The applications of frequency-selective excitation methods in Fourier transform NMR are discussed, and a simple technique is described for selective excitation of a narrow frequency region of a high-resolution NMR spectrum in a Fourier transform spectrometer. A regular sequence of identical radiofrequency pulses of small flip angle exerts a strong cumulative effect on magnetizations close to resonance with the transmitter frequency or one of a set of equally spaced sidebands separated by the pulse repetition rate. All other magnetizations precess through an incomplete number of full rotations between pulses, and are caught by successive pulses at an ever changing phase of their precession, which destroys the cumulative effect. The motion of the various nuclear magnetization vectors may be described pictorially according to the Bloch equations, neglecting relaxation during the pulse sequence. A general theory is presented for selective or “tailored” excitation by an arbitrary modulation of the radiofrequency transmitter signal.

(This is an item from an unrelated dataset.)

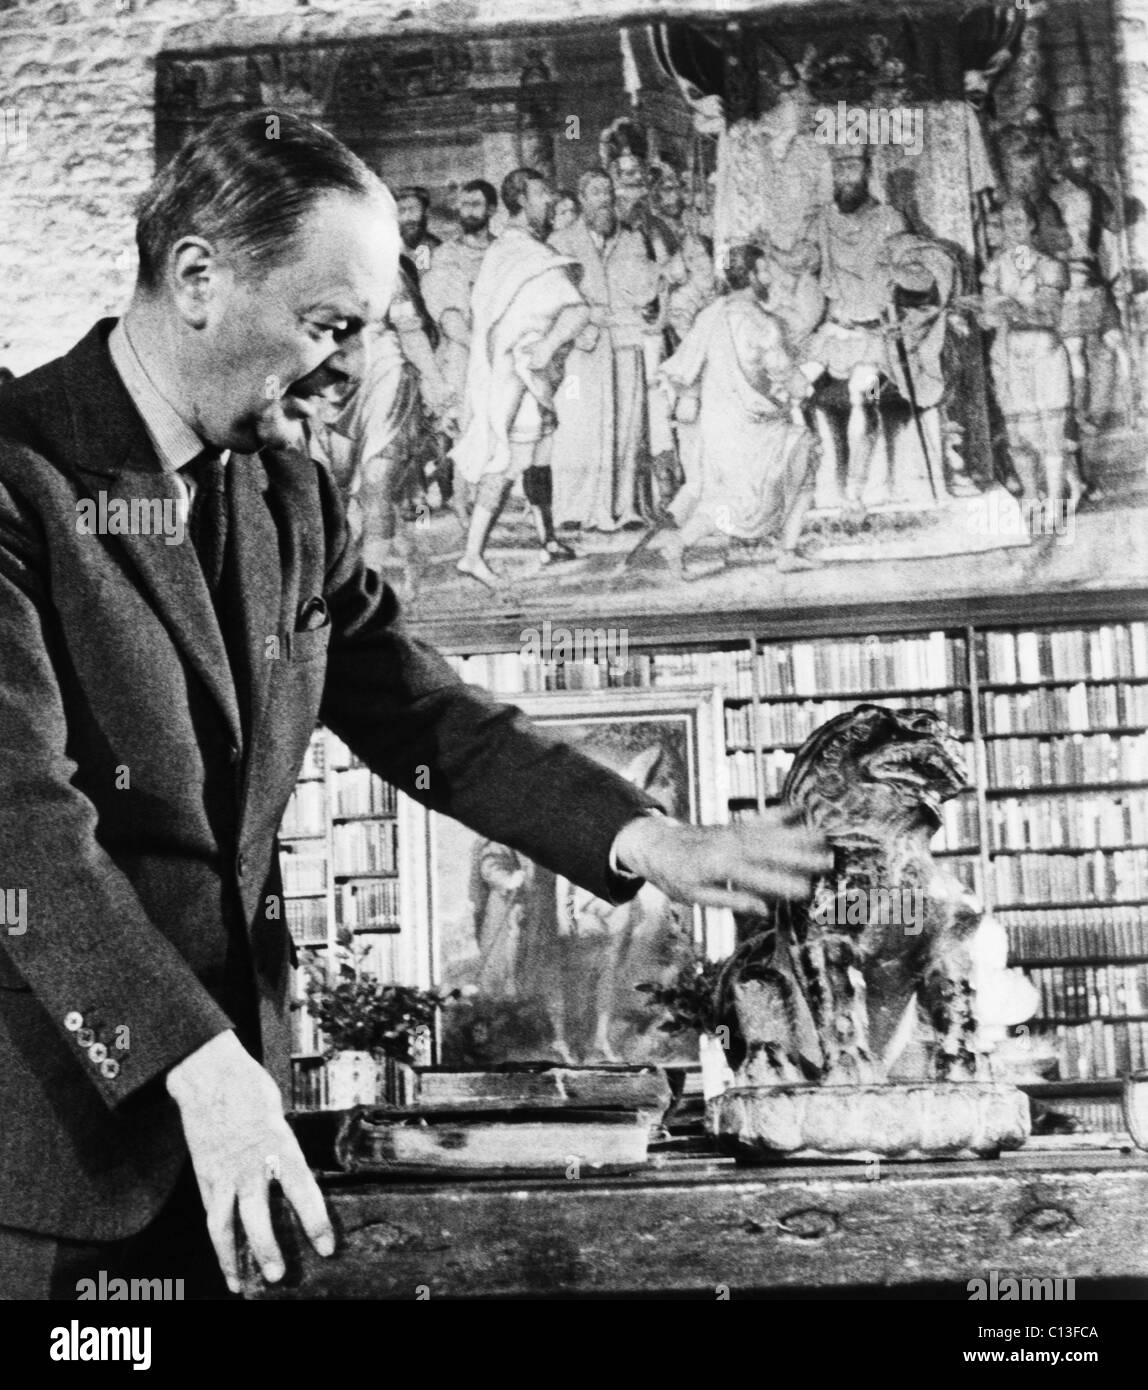 Kenneth Clark (1903-1983), English author and art historian, presenting CIVILISATION, here he is examining a Ming Lion in the library of his home, Saltwood Castle in Kent, England, circa 1970. Stock Photo

It confirms earlier conclusions that the frequency-domain excitation spectrum corresponds to the Fourier transform of the transmitter modulation pattern, provided that the NMR response remains linear. The excitation spectra calculated for the selective pulse sequence by these two alternative approaches show good agreement within their respective limitations. A number of practical applications of selective excitation are explored, including solvent peak suppression, the detection of partial spectra from individual chemical sites, selective studies of relaxation and slow chemical exchange, and holeburning or localized saturation.